**Work to be completed**
Once the images are removed, set down everything else in the listing below exactly.

**Given information**
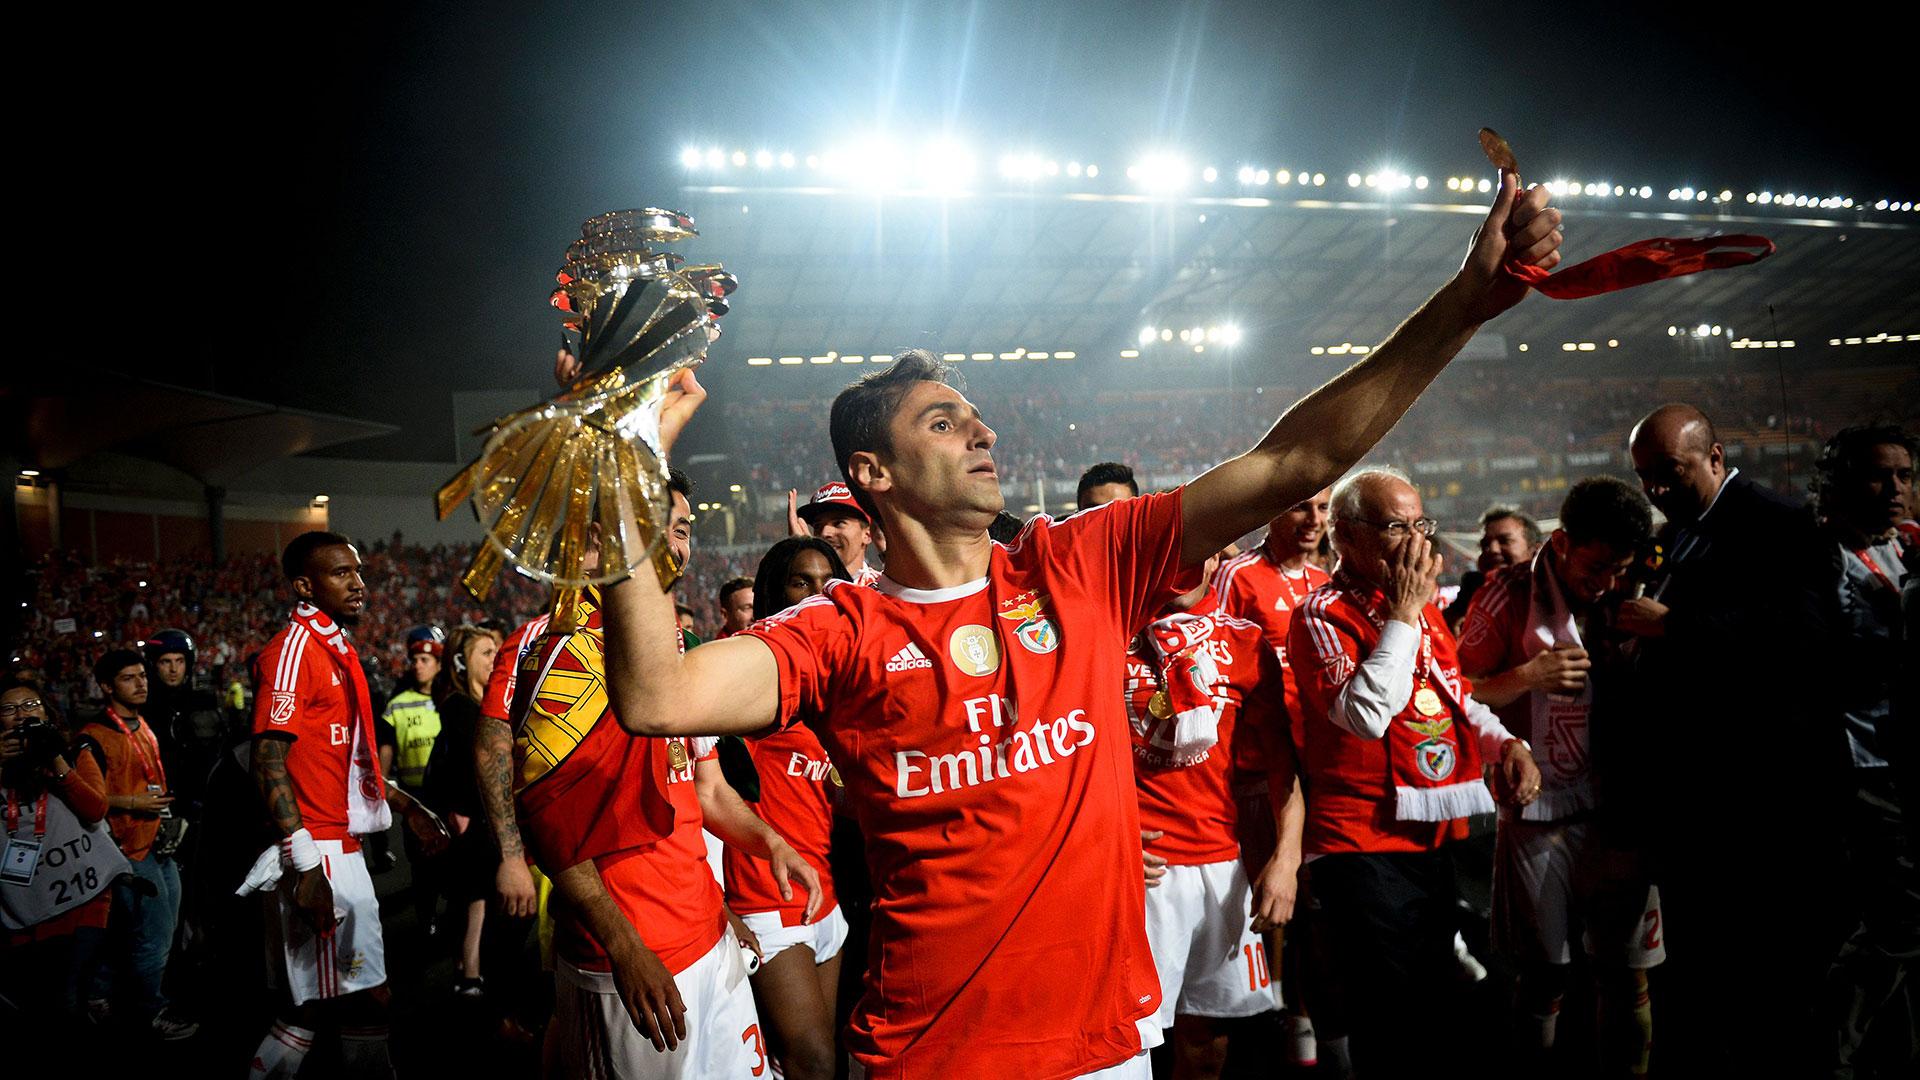 Jonas Benfica
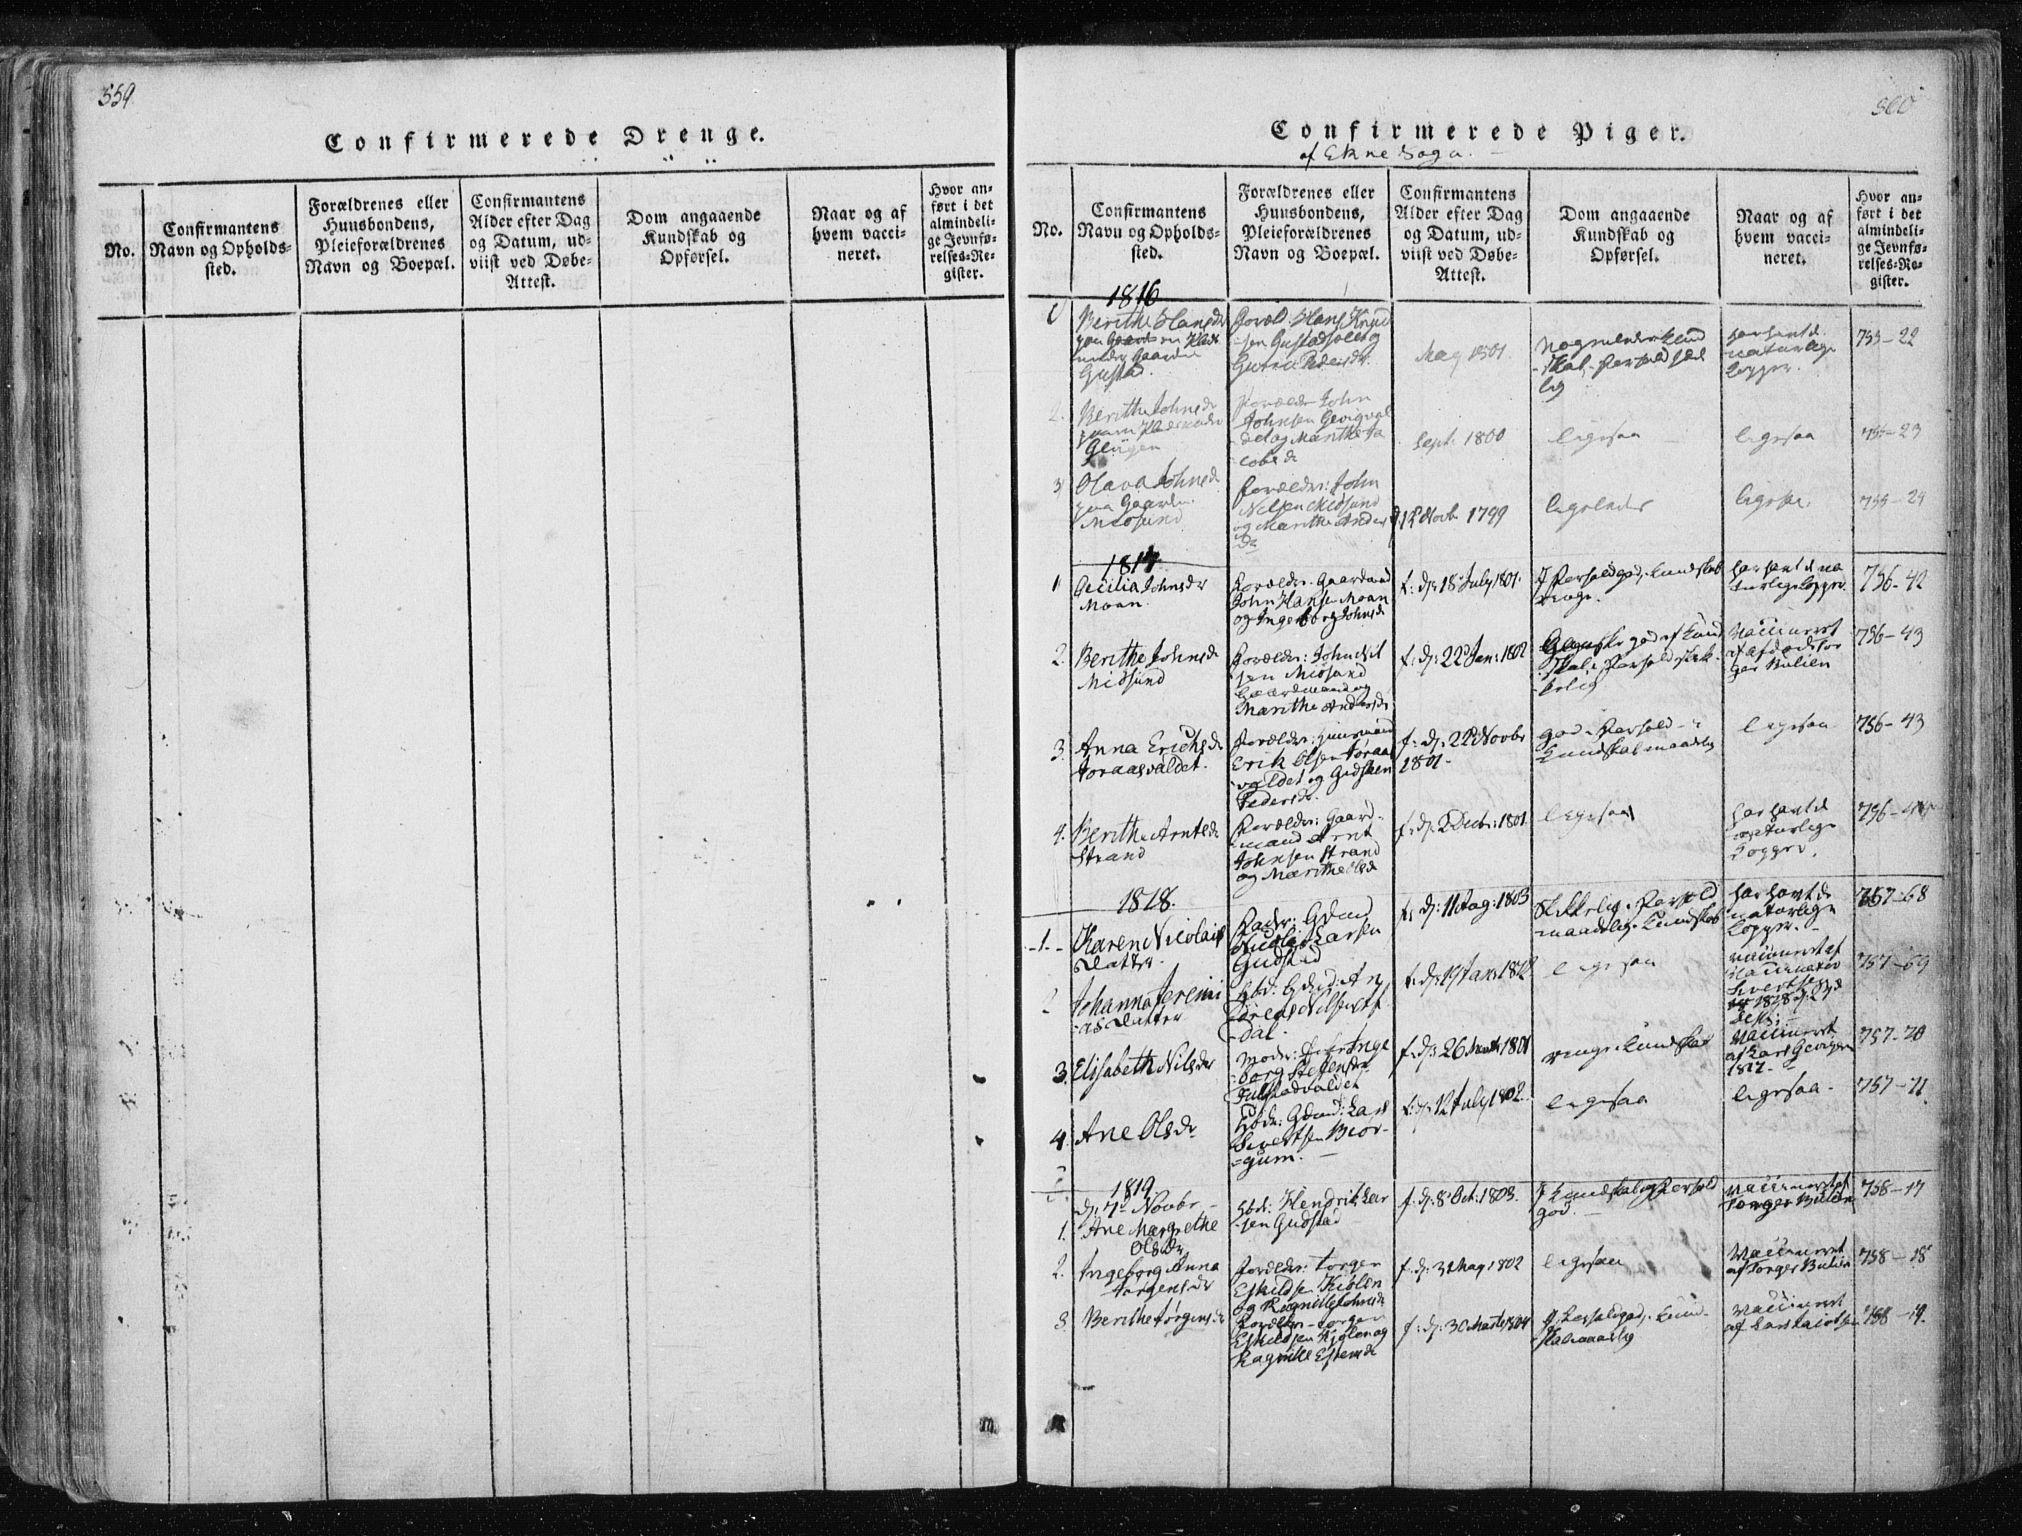 SAT, Ministerialprotokoller, klokkerbøker og fødselsregistre - Nord-Trøndelag, 717/L0148: Ministerialbok nr. 717A04 /3, 1816-1825, s. 559-560
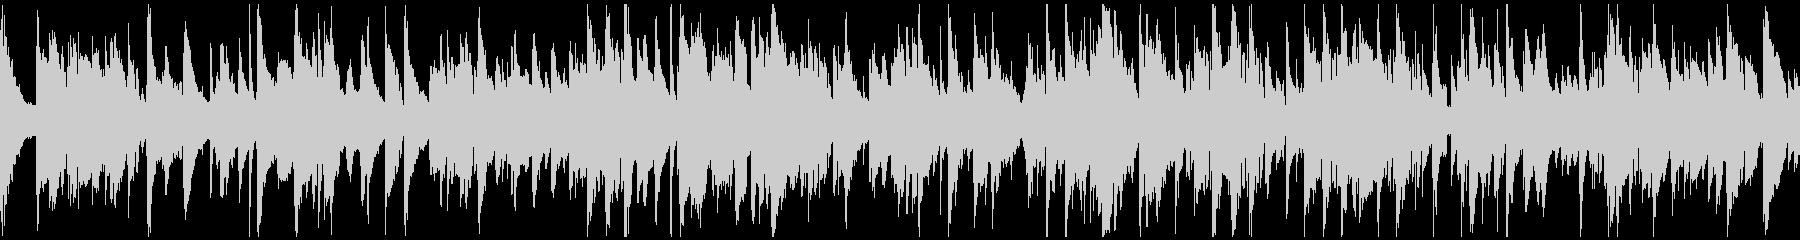 センチメンタルなジャズバラード※ループ版の未再生の波形

**Answer space**
 Jonas Benfica
 SAT, Ministerialprotokoller, klokkerbøker og fødselsregistre - Nord-Trøndelag, 717/L0148: Ministerialbok nr. 717A04 /3, 1816-1825, s. 559-560
 センチメンタルなジャズバラード※ループ版の未再生の波形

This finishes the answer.